Детей отдают приезжающим с родины только до 10-летнего возраста и торгуются за каждый лишний месяц сверх 10 лет.
Люди поставлены в положение сосланных с принудительными работами, но без объявления срока, с режимом, ближе стоящим к конц[ентрационному] лагерю, чем к выселению. Очень многие семьи разрознены: мужья в Субулонах (так в тексте. – Д.С.) разных, а жены с 3, 4, 6 детьми на Урале. На километр oт Надеждинска в бараке 51% детей, 45% - женщин и 4% нетрудоспособных. Паек для нетрудоспособных – 7 ½ кило муки (остальное не имеет никакого значения, кроме бесконечных сельдей) Нужно вымаливать, так как систематической выдачи нет, ходи и. 3-4 раза и оба конца верст 20-30 и больше до склада и конторы Старика-еврея 65 лет перебрасывают «на работу» из одного участка в другой, заставляя в один день делать переход в 40 верст.
В Мурали [?] кино фотографировало получение похлебки (это один из трех случаев, за десять суток пути, где даже сырой воды не хватает), построив одетых в подобие зимней подходящей для крайнего Севера одежде»[vii].
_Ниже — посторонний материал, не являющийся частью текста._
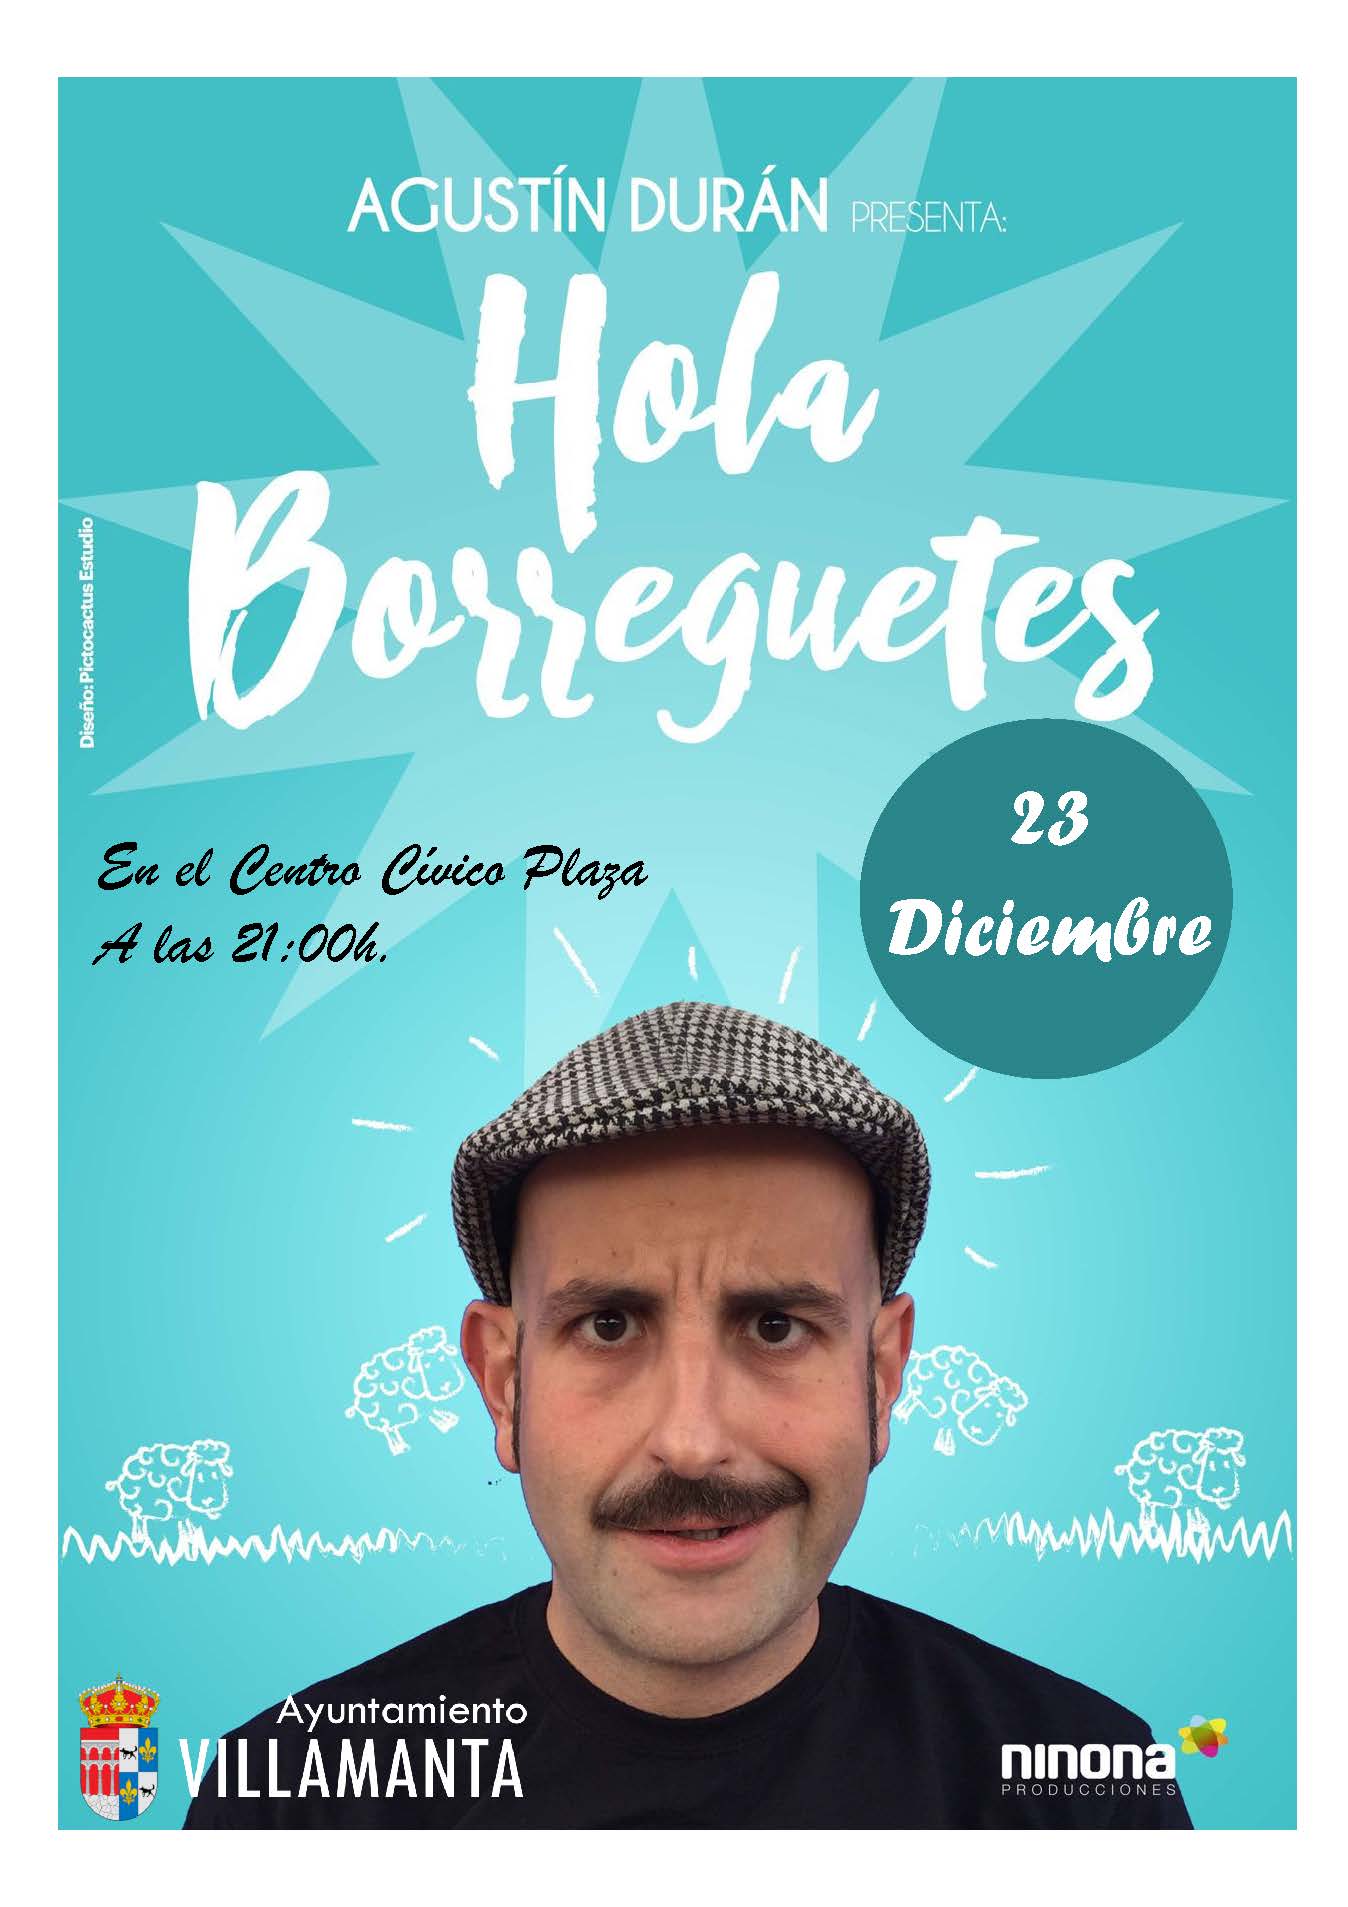 Hola Borreguetes- Agustín Durán

11 июля 1930 г. Е.Пешковой поступило коллективное обращение высланных из Крыма крестьян-меннонитов:
«Мы - менонниты, принадлежим к группе немцев-чехов в числе 486 лиц, сосланных в Усть-Нем, Коми Области. О каком-либо судебном постановлении над нами нам ничего не известно, и до сего времени нам не объявлено никакого обвинения. Наши сельсоветы нас признали кулаками и лишили нас права голоса. Это возможно было только вследствие царящего в них произвола и несправедливости. Чтобы достичь своей цели, сельсоветы не брезг[ов]али никакими средствами, вплоть до использования ложных сведений и ложных доносов на нас, доходящих порою до нелепости. Они руководились лозунгом: «Цель оправдывает средства».
28 марта мы были отправлены в товарных вагонах на север и прибыли 4 апреля на ст[анцию] Лузу ж/дороги Вятка-Котлас, гдебыли помещены в бараках. 9/IVнаши члены семей, как мужчины, так и женщины в возрасте от 18 по 60 лет были пешком отправлены в Усть-Сысольск, несмотря на то, что у них не было ни теплой одежды, ни шуб, ни сапог, ни валенок, а морозы стояли от 10-15°. 15/IVмы, оставшиеся в Лузе, тоже были отправлены к членам своих семей, которые 25/V из Усть-Сысольска тоже были отправлены в Усть-Нем. Здесь мы вместе с немцами и чехами отданы в распоряжение Комилеса и находимся в полной зависимости от него. 4/VII прибыл в Усть-Нем представитель ГПУ и на общем собрании немцев-чехов объявил, что мы - принудительно-ссыльные и что мы должны оставаться в Коми Области три года, несмотря на то, правильно ли мы сосланы или неправильно; также мы не будем досрочно освобождены на основании каких- либо бумаг, представленных с мест нашего прежнего жительства. Должны мы еще этим летом в лесу выстроить себе жилые помещения и туда переселиться. Работать должны как мужчины, так и женщины в возрасте от 14 до 70 лет, если еще трудоспособны. 6/VIIбыло отправлено за 40 км в лес из группы немцев-чехов 130 мужчин и 25 девушек, в числе их - меноннитов 16 мужчин и 7 девушек. Они от работы в пользу государства не отказались, но просили снабдить их необходимой одеждой, сапогами, масками и рукавицами, без которых из-за мух и комаров совершенно невозможно работать в лесу. Также они просили выдавать им в достаточном количестве продовольствие в виде разных продуктов.
Обмундирования они никакого не получили, а продовольствие было выдано на 10 дней, считая на день на рабочего:
муки 733 гр. на нерабочего 254 гр.
пшена 111 гр. “ ” 45 гр.
рыбы 111 гр. “ ” 70 гр.
сахару 30 гр. “ ” 6 гр.
масла 17 гр. “ ” -
В дальнейшем, было объявлено, количество выдаваемых продуктов будет уменьшено.
Местность, куда люди были высланы - болотистая глушь, леса, где от мух и комаров без особого снаряжения нет спасения. Находится здесь барак на 50 человек, в котором сейчас помещается 30 зырян так, что 125 человек должны находиться день и ночь под открытым небом.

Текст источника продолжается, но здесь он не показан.